- EXERCISE DESCRIPTION
The lines in the listing below are to be given again exactly, starting at the line holding "Lanvin Funnel Neck" and ending at the line holding "VIETNAM COMBAT VETERANS". Do not include pictures.

- INPUT
══════════════════════════════

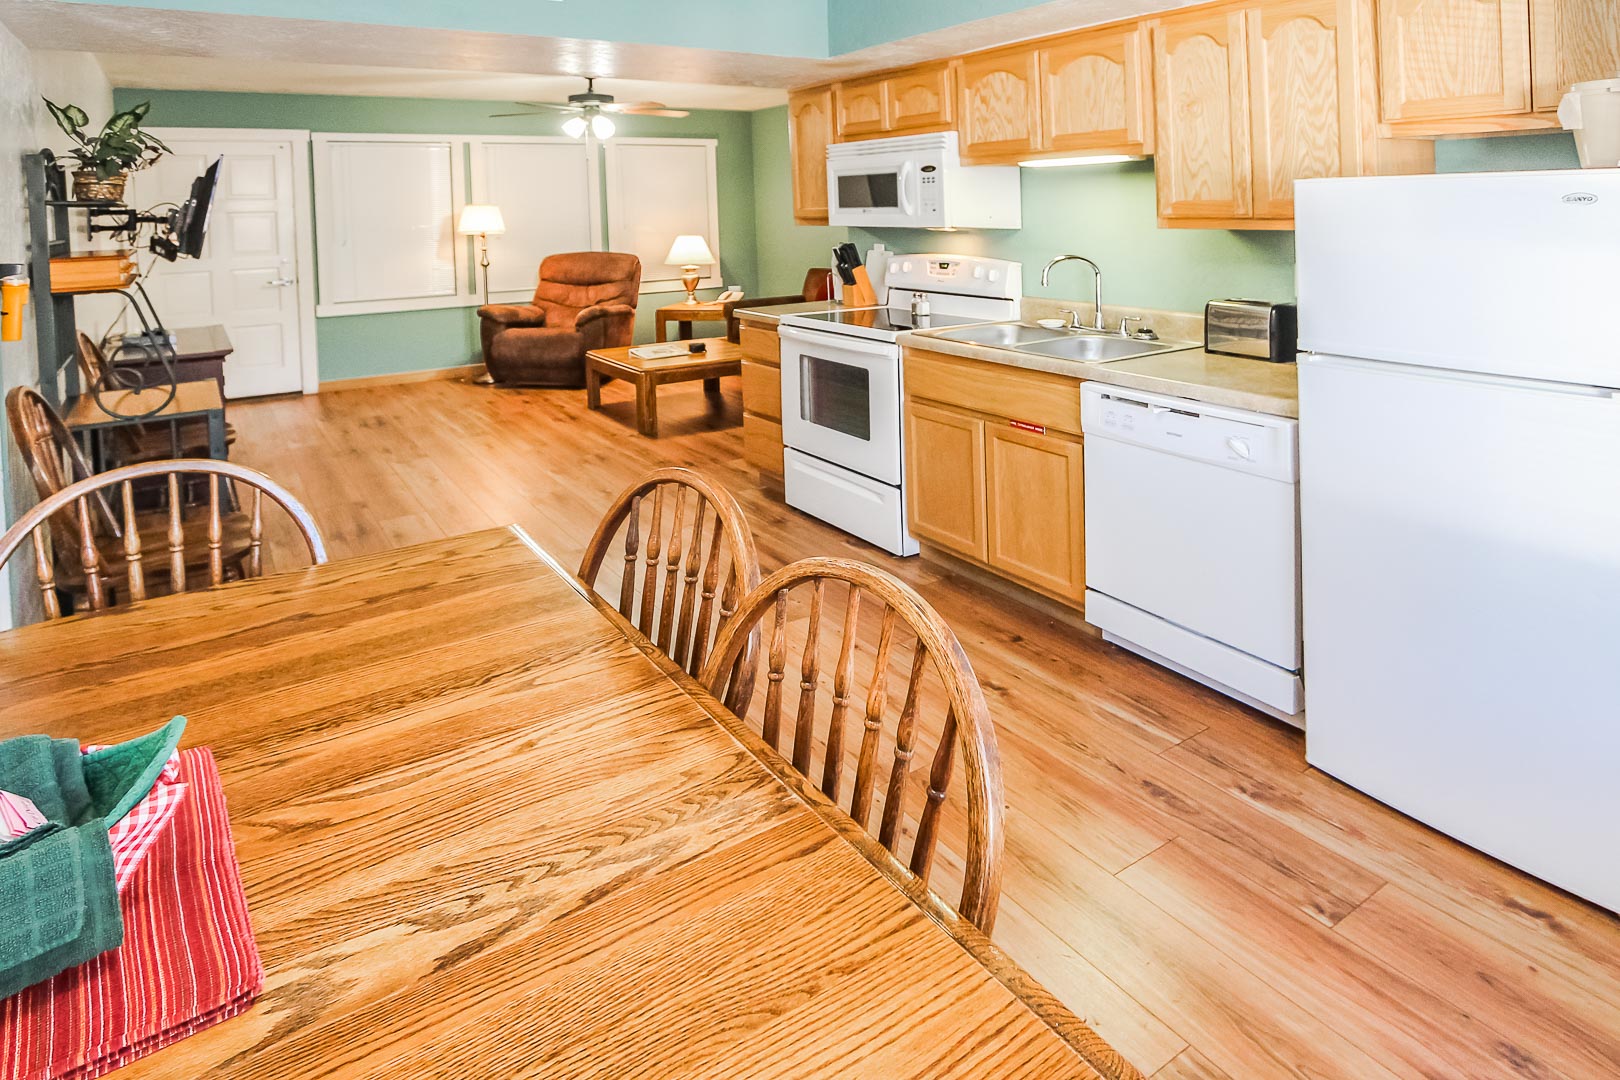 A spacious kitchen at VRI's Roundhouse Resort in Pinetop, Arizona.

══════════════════════════════

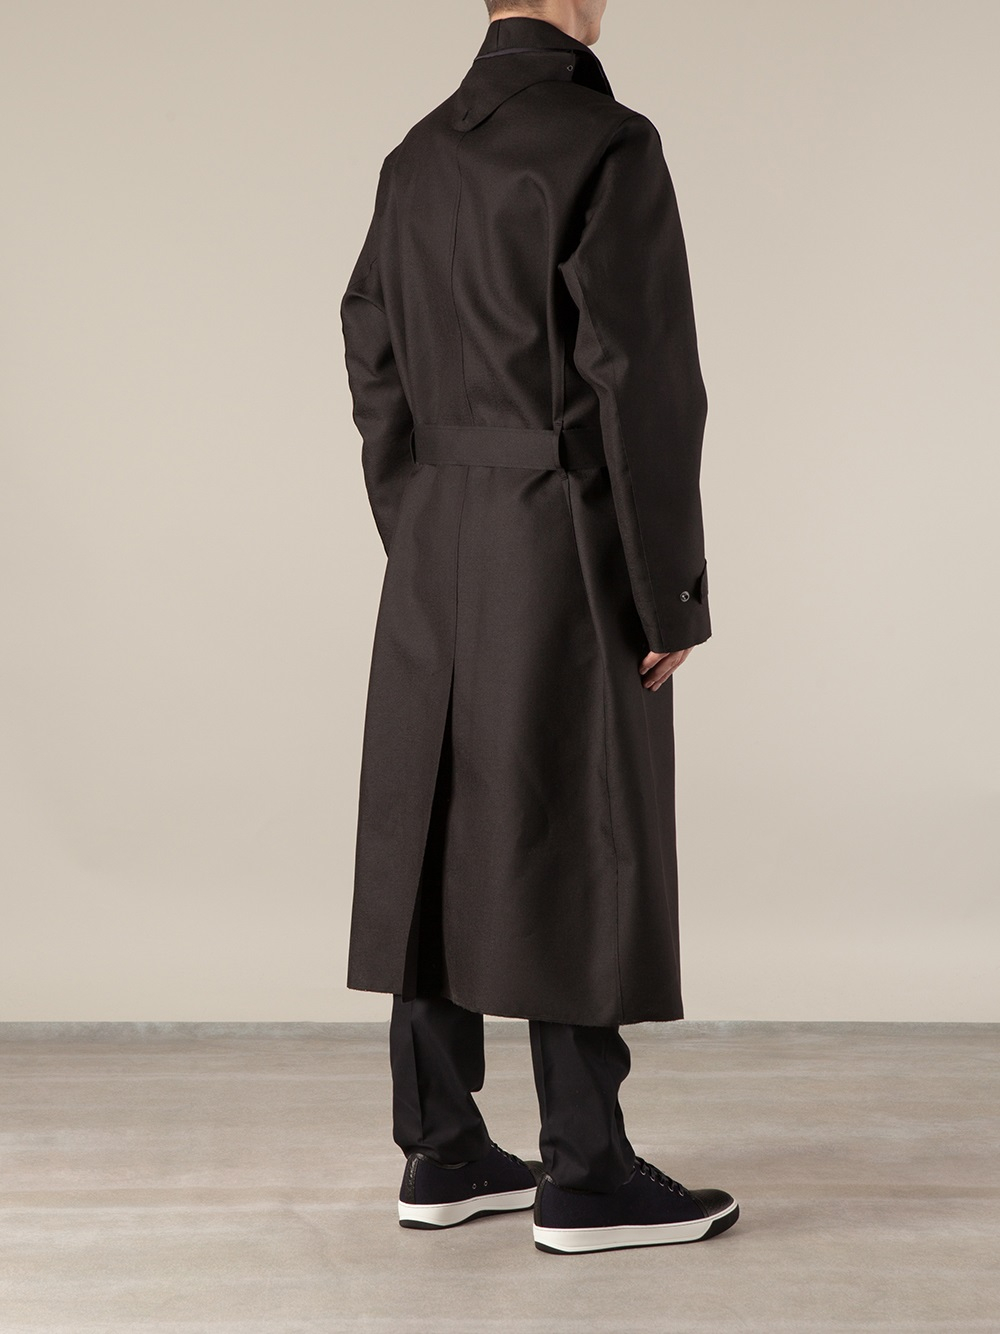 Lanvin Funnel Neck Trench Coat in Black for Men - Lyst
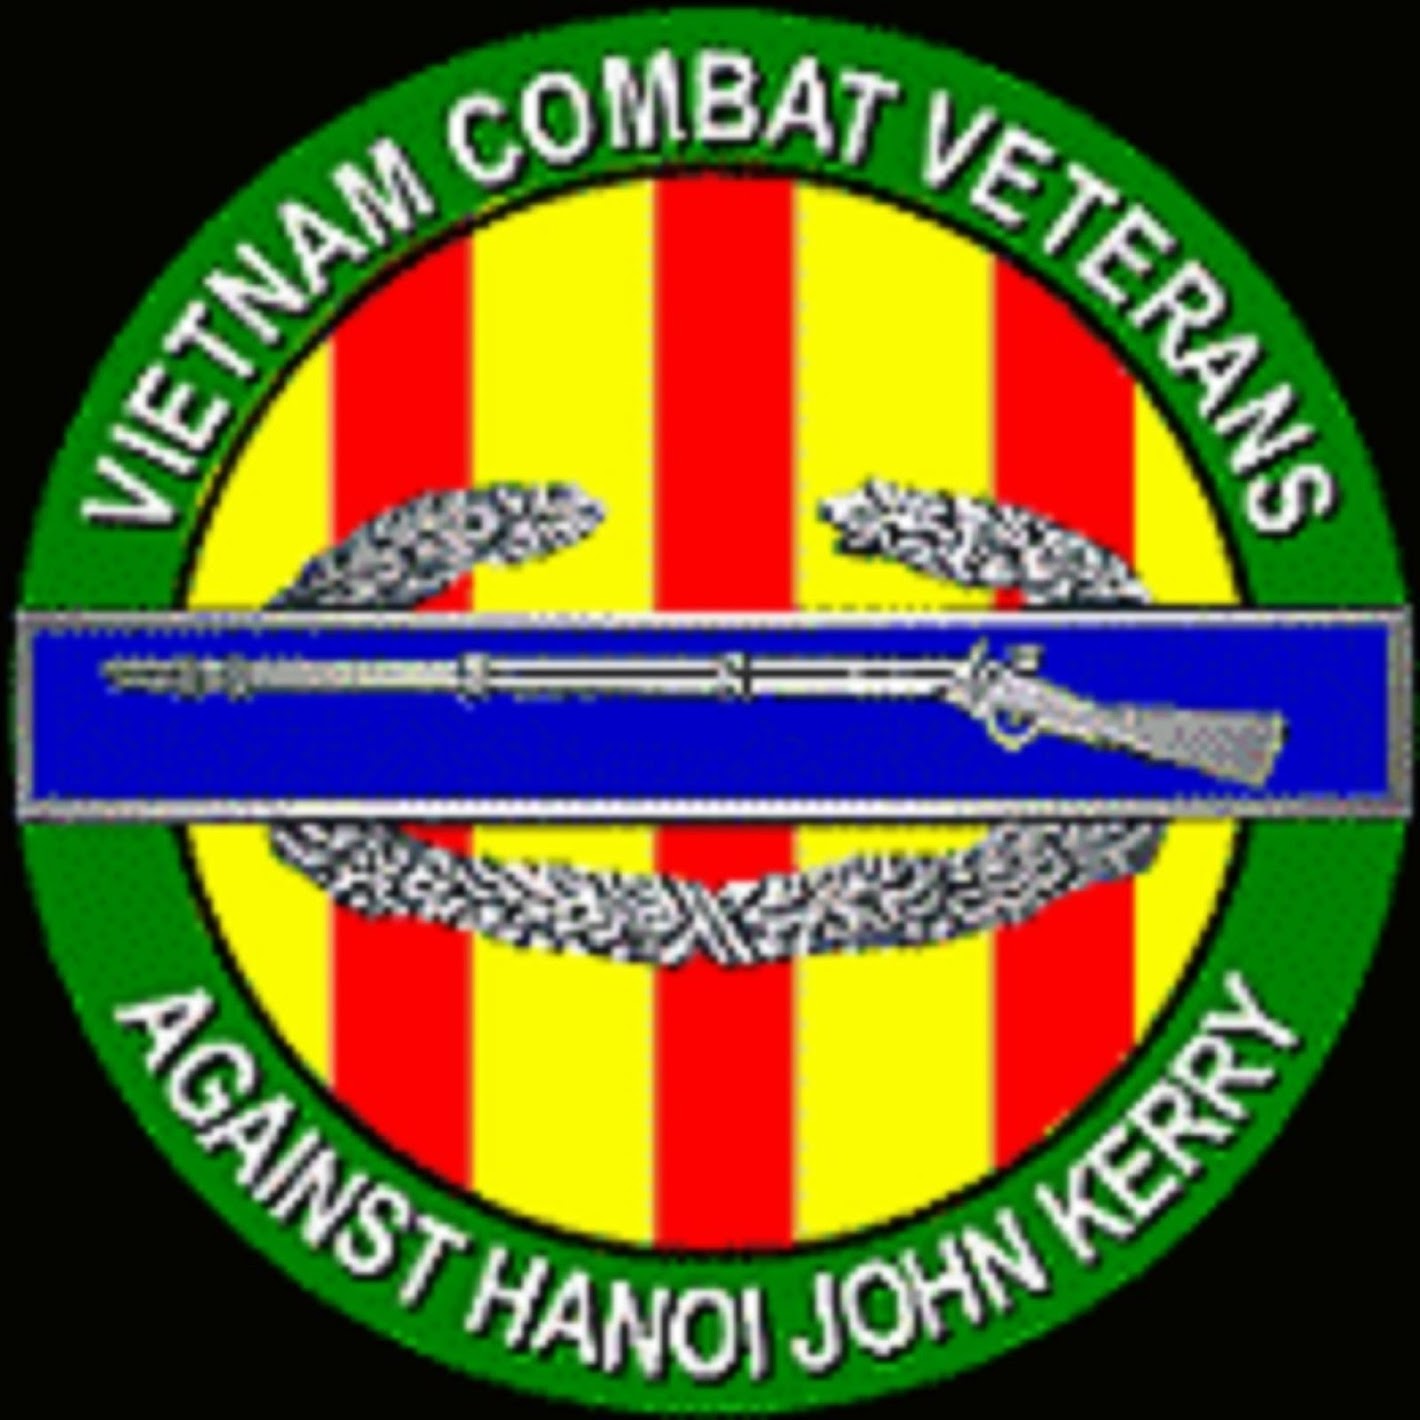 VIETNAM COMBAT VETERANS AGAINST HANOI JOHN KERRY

══════════════════════════════

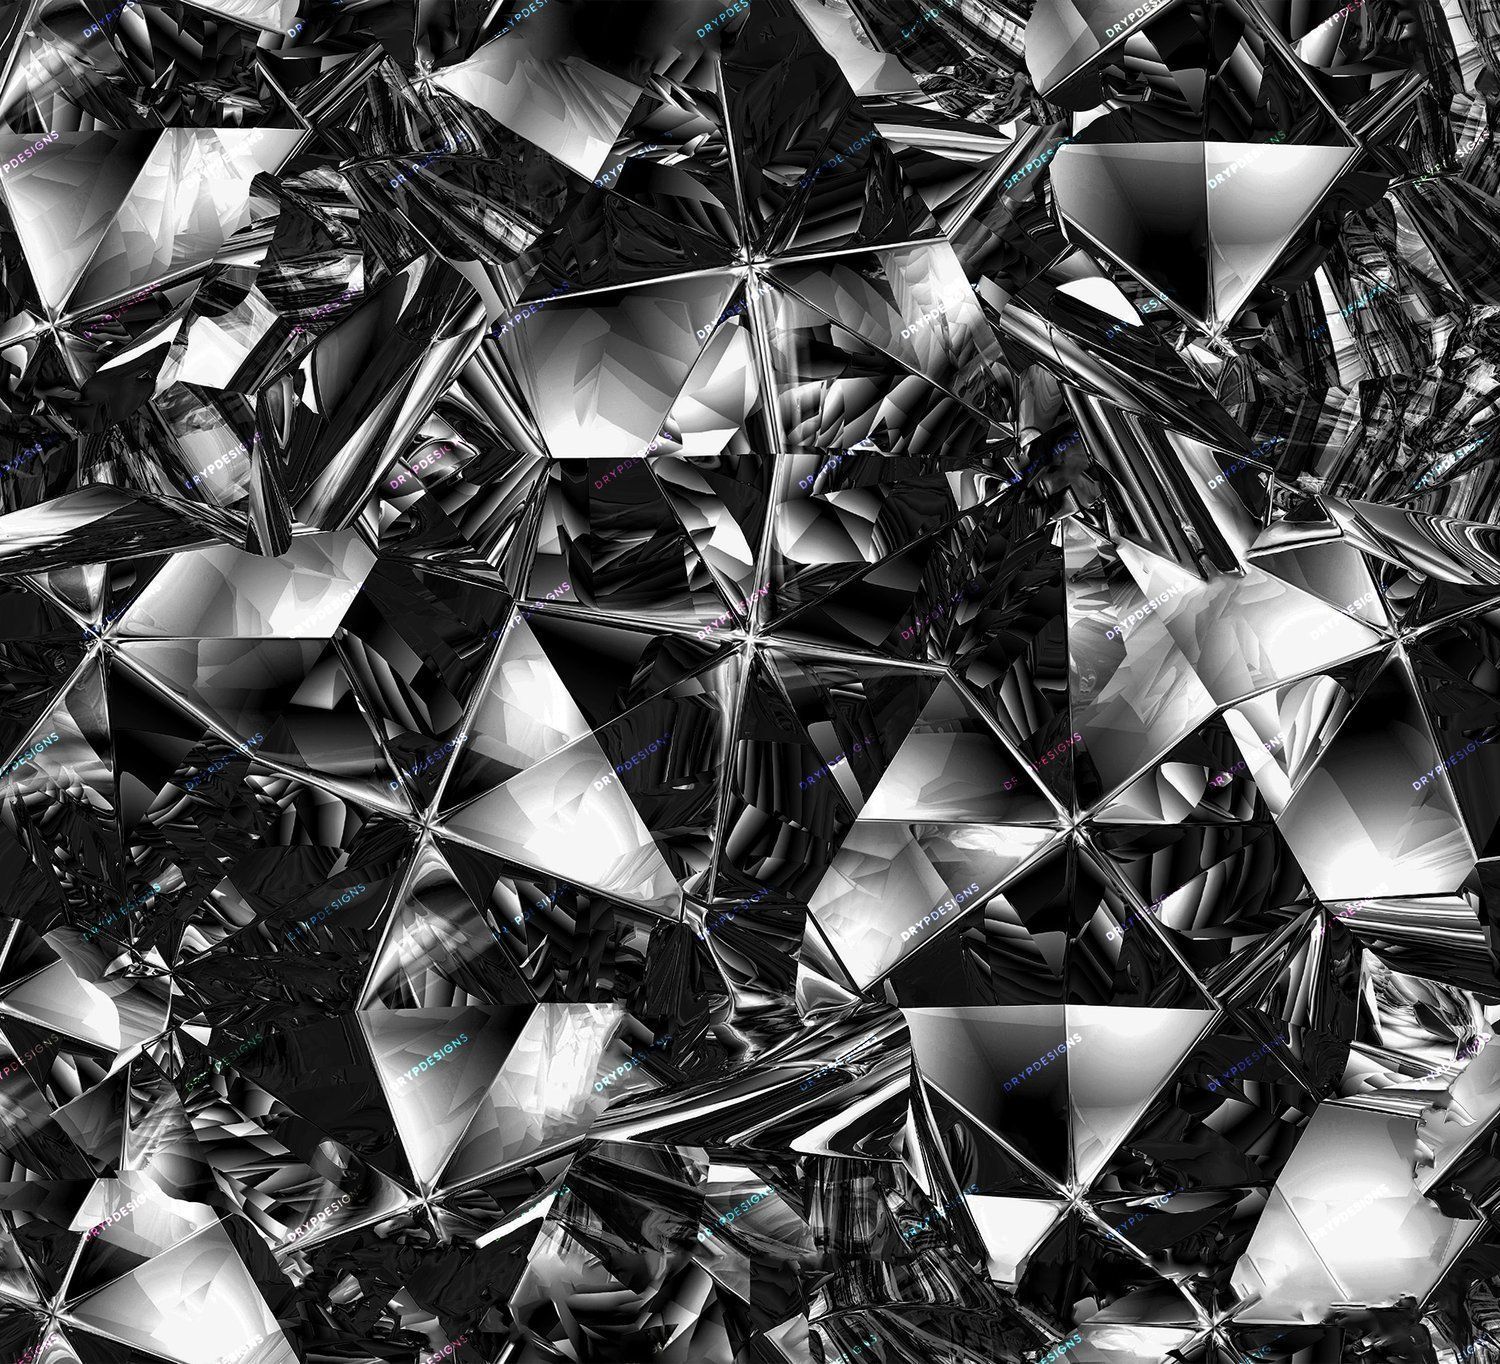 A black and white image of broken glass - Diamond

══════════════════════════════

- SOLUTION BELOW
 Lanvin Funnel Neck Trench Coat in Black for Men - Lyst
 VIETNAM COMBAT VETERANS AGAINST HANOI JOHN KERRY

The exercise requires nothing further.